| Plugin Name | weichuncai(WP伪春菜) |
|---|---|
| Type of Vulnerability | Stored XSS |
| CVE Number | CVE-2025-7686 |
| Urgency | Medium |
| CVE Publish Date | 2025-08-15 |
| Source URL | CVE-2025-7686 |
WordPress weichuncai (WP伪春菜) ≤ 1.5 — CSRF → Stored XSS (CVE-2025-7686): What Site Owners Must Know and How to Protect Now
Author: Hong Kong Security Expert | Date: 2025-08-16 | Tags: WordPress, Plugin Security, XSS, WAF, Incident Response, Vulnerability
Summary
A recently disclosed vulnerability (CVE-2025-7686) affects the WordPress plugin “weichuncai (WP伪春菜)” versions up to and including 1.5. An unauthenticated attacker can exploit a Cross-Site Request Forgery (CSRF) to store a Cross-Site Scripting (stored XSS) payload on a target site. The vulnerability has a CVSS of 7.1 (Medium) and was publicly disclosed with no official vendor patch available at publication. This article explains the technical details, realistic attack scenarios, detection and logging guidance, immediate mitigations (including virtual patching via a WAF), permanent fixes, and post-incident recovery steps, from the perspective of a Hong Kong security practitioner.
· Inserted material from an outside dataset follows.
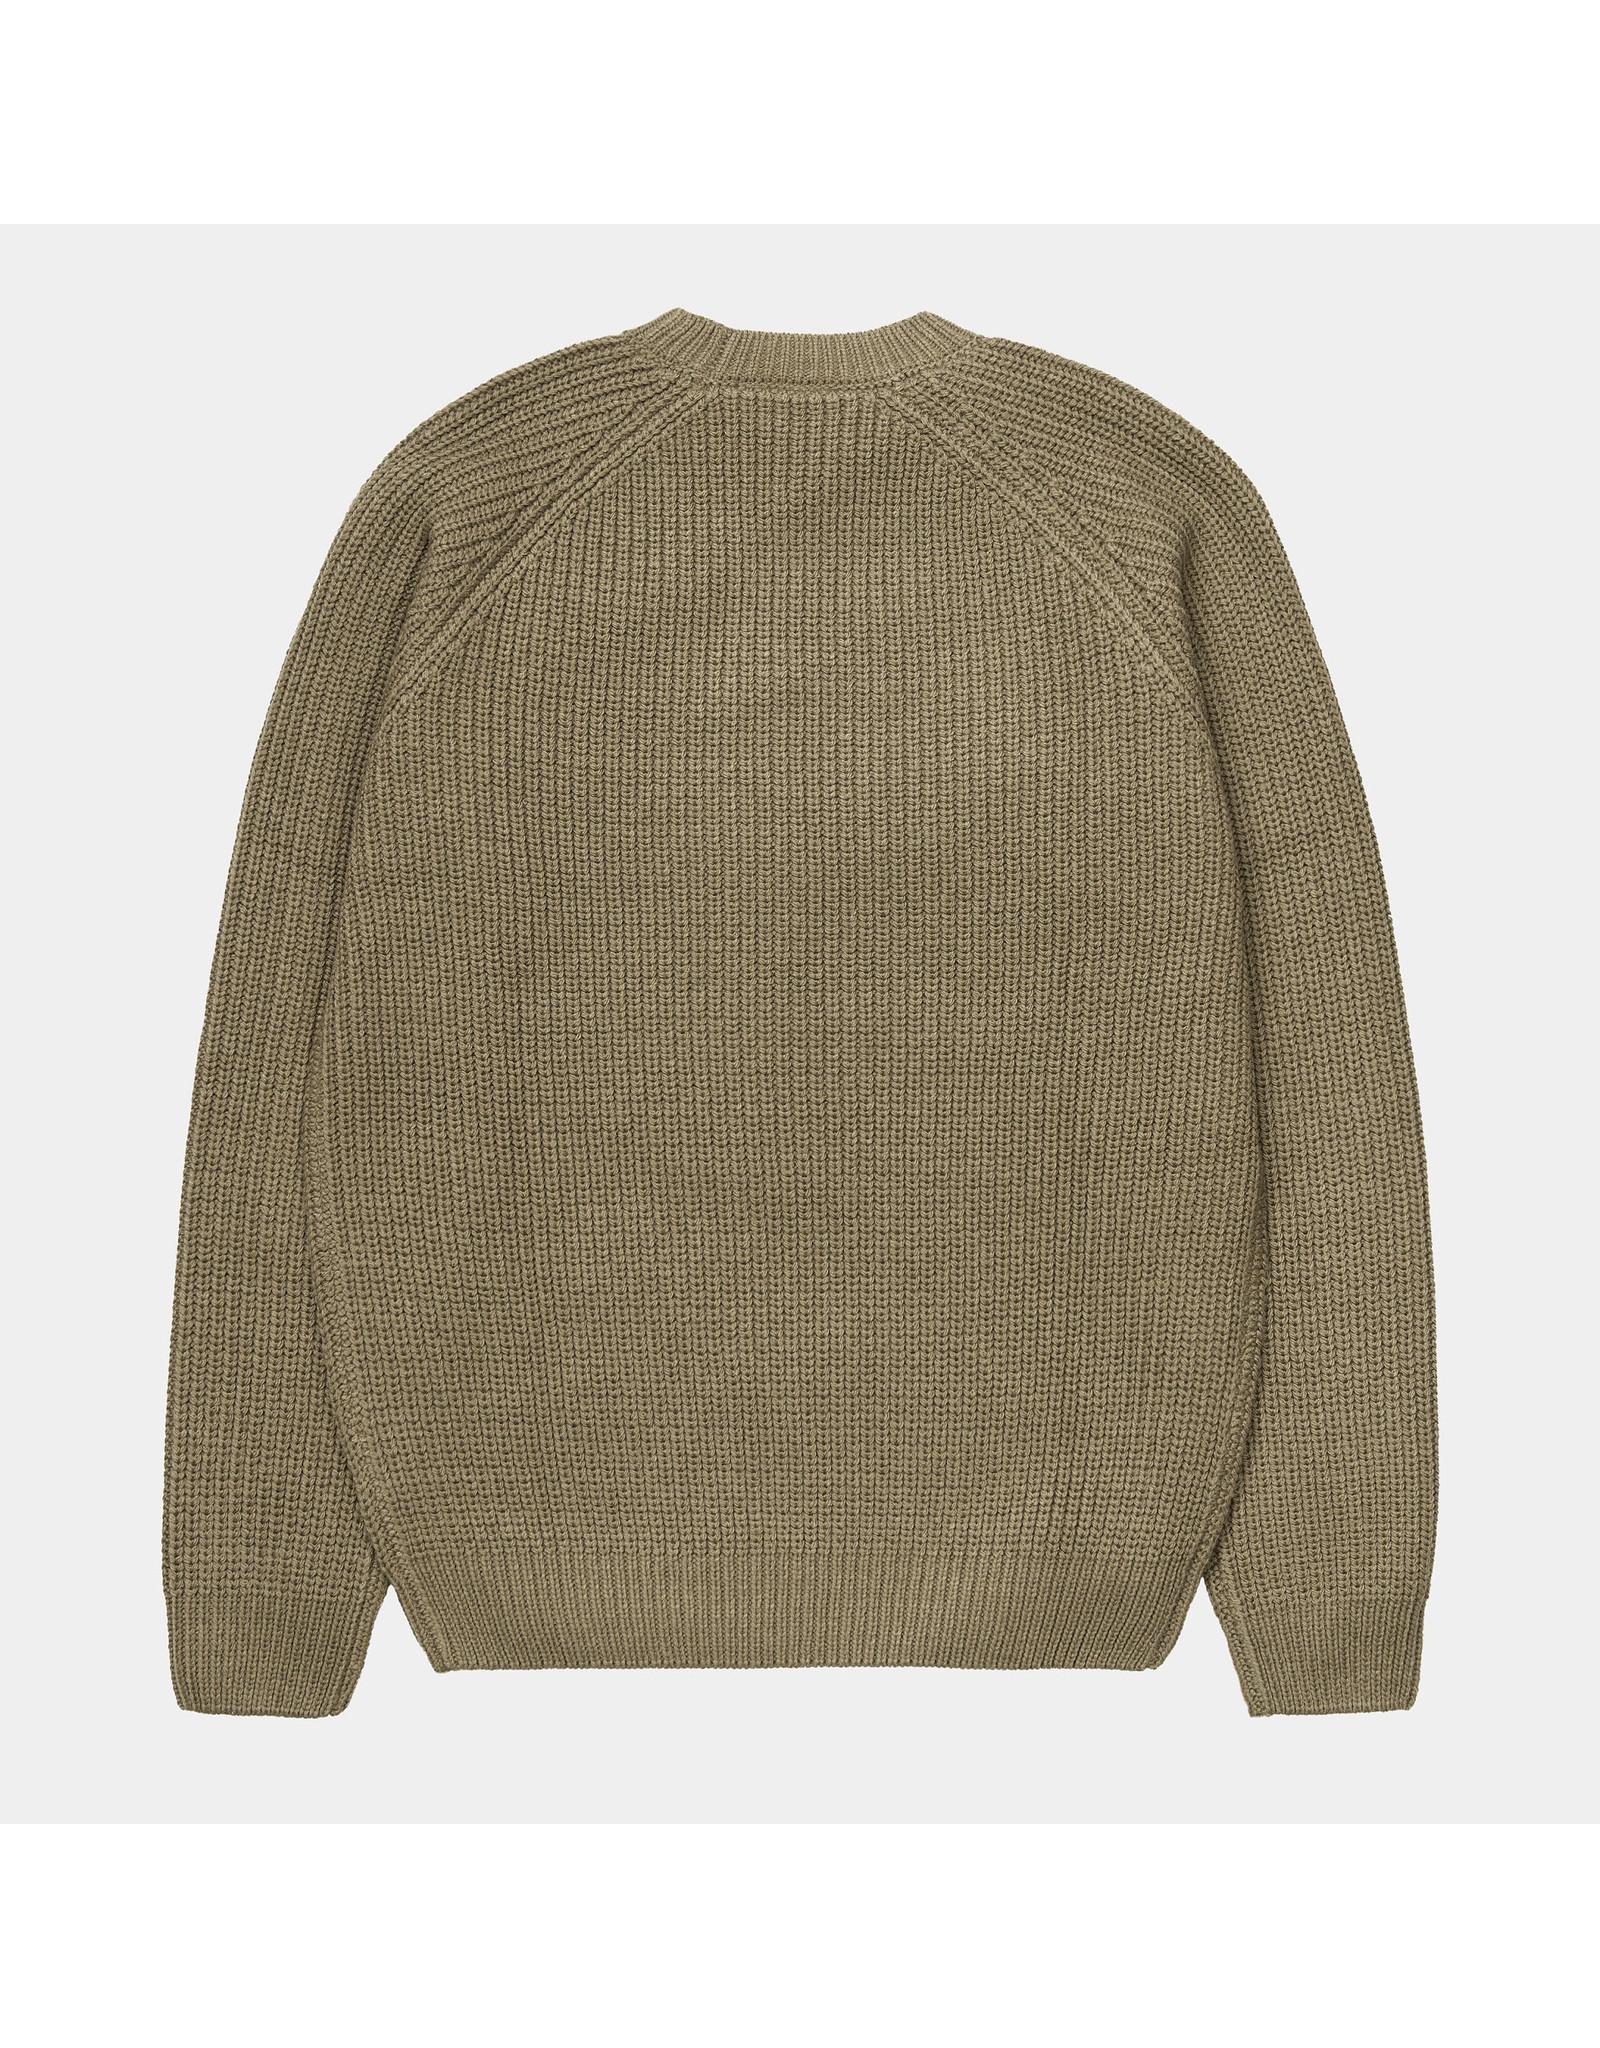 Carhartt Forth Sweater

Background: what was disclosed
On 15 August 2025 a public advisory recorded CVE-2025-7686 involving the “weichuncai (WP伪春菜)” WordPress plugin in versions up to 1.5. The core issue: one or more plugin endpoints accept inputs that are persisted and later rendered to site visitors without proper context-sensitive escaping, and those endpoints can be reached via forged requests (CSRF). Because the endpoints do not correctly verify request origin or user intent, an attacker can cause a victim site to store malicious script content. When other visitors load pages containing that stored data, the script executes in their browsers.
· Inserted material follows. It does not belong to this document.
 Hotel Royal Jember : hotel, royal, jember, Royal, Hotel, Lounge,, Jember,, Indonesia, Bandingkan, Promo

- Affected plugin: weichuncai (WP伪春菜)
- Affected versions: ≤ 1.5
- Vulnerability types: CSRF chaining to Stored XSS
- Privilege required: Unauthenticated
- CVE: CVE-2025-7686
- Fix status at disclosure: No official fix available
Vulnerability overview (technical summary)
This issue is a two-part failure:
- CSRF: The plugin exposes a state-changing endpoint without sufficient CSRF protections. On WordPress the standard mechanism is to require and verify a nonce for any state-changing action reachable from a browser. If that check is missing or broken, a remote attacker can trick a user into submitting a request to the vulnerable endpoint.
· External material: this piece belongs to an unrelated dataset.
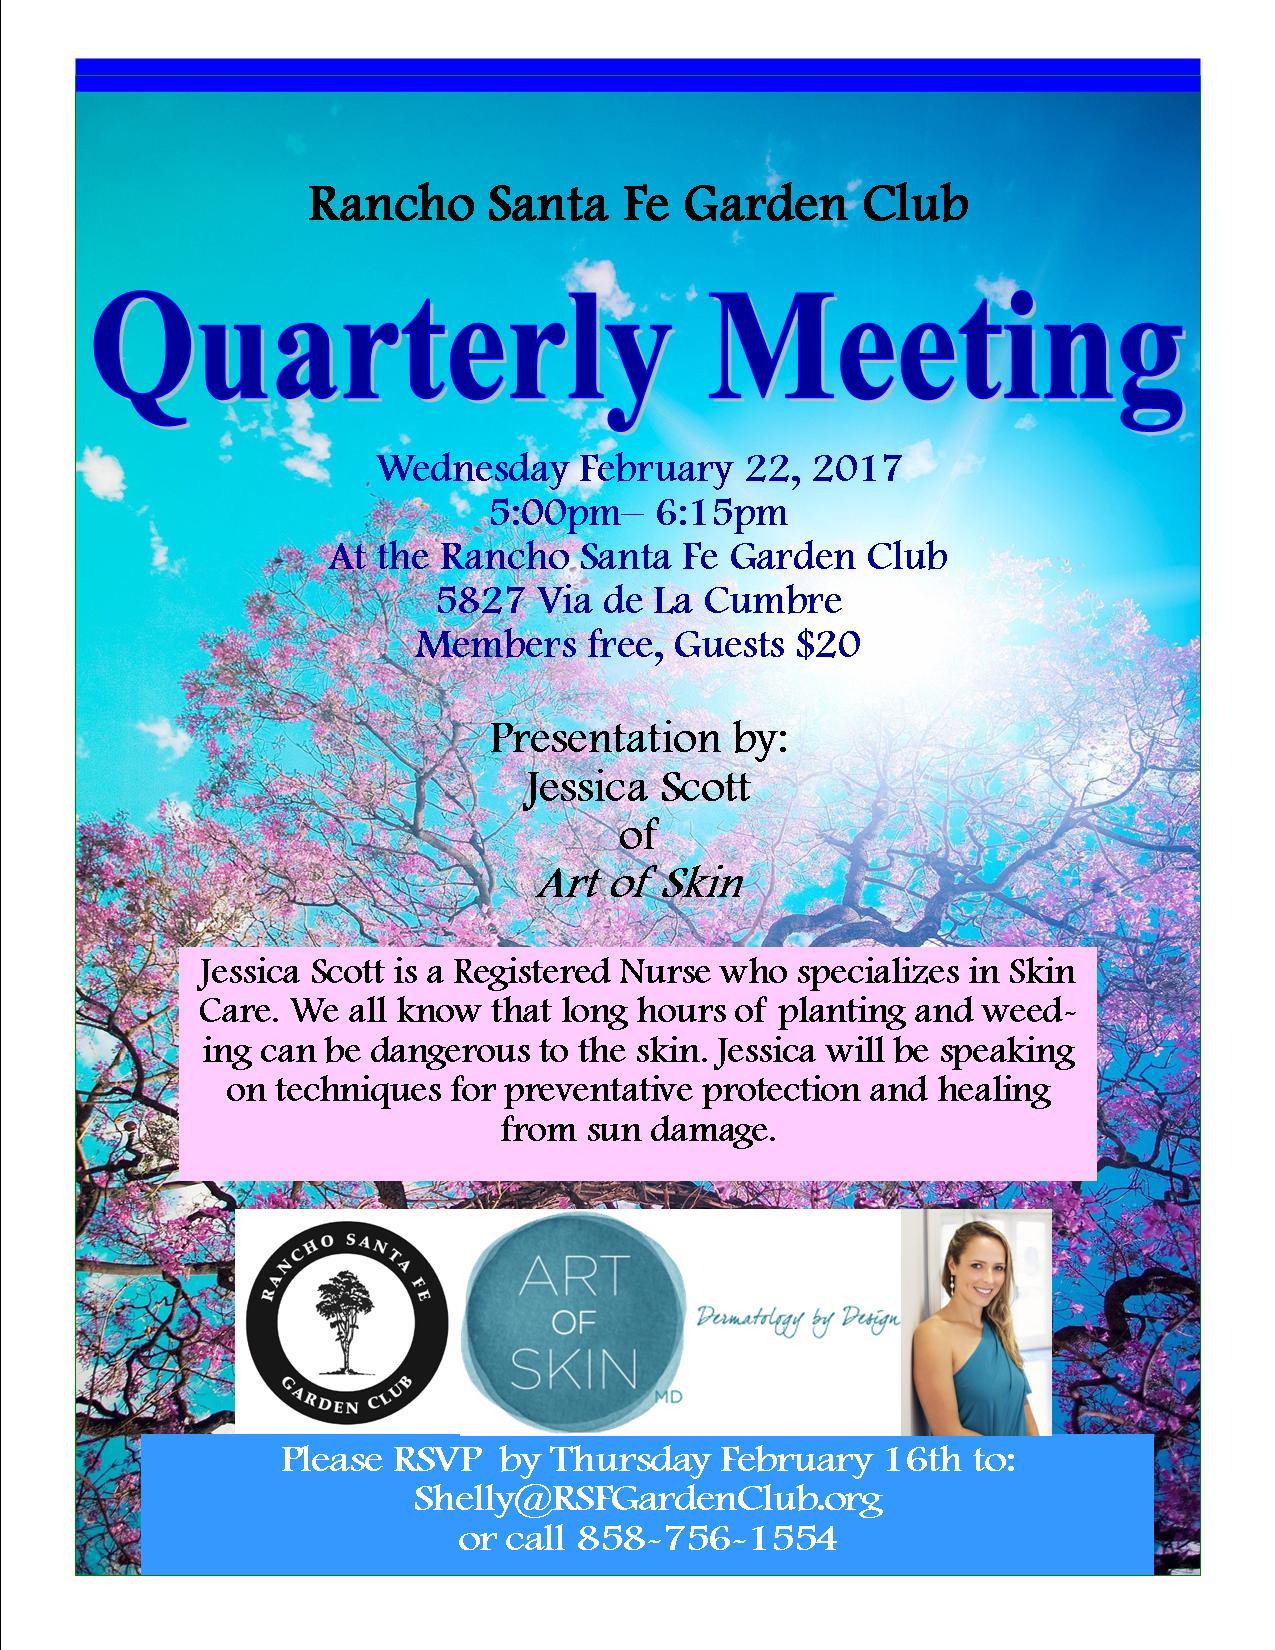 Quarterly-Meeting-Flyer-0202217-3.jpg

- Stored XSS: The same endpoint allows attacker-controlled input to be stored (database, postmeta, options, etc.) and later rendered without proper escaping for the HTML/JavaScript context. Stored data rendered unsafely to users’ browsers creates stored XSS.
Why the combination is critical: CSRF allows injection without authenticated access (or by leveraging a low-privilege user), and the stored XSS executes whenever visitors load the affected page — enabling session theft, admin takeover, malware delivery, SEO spam, or persistent defacement.
Why CSRF chaining to stored XSS matters
From an operational perspective, this combination significantly raises exploitability:
- Unauthenticated injection: If endpoints accept unauthenticated requests, attackers can directly inject payloads.
- Broad impact: Stored XSS affects all visitors of the page rendering the payload: users, editors, administrators, crawlers.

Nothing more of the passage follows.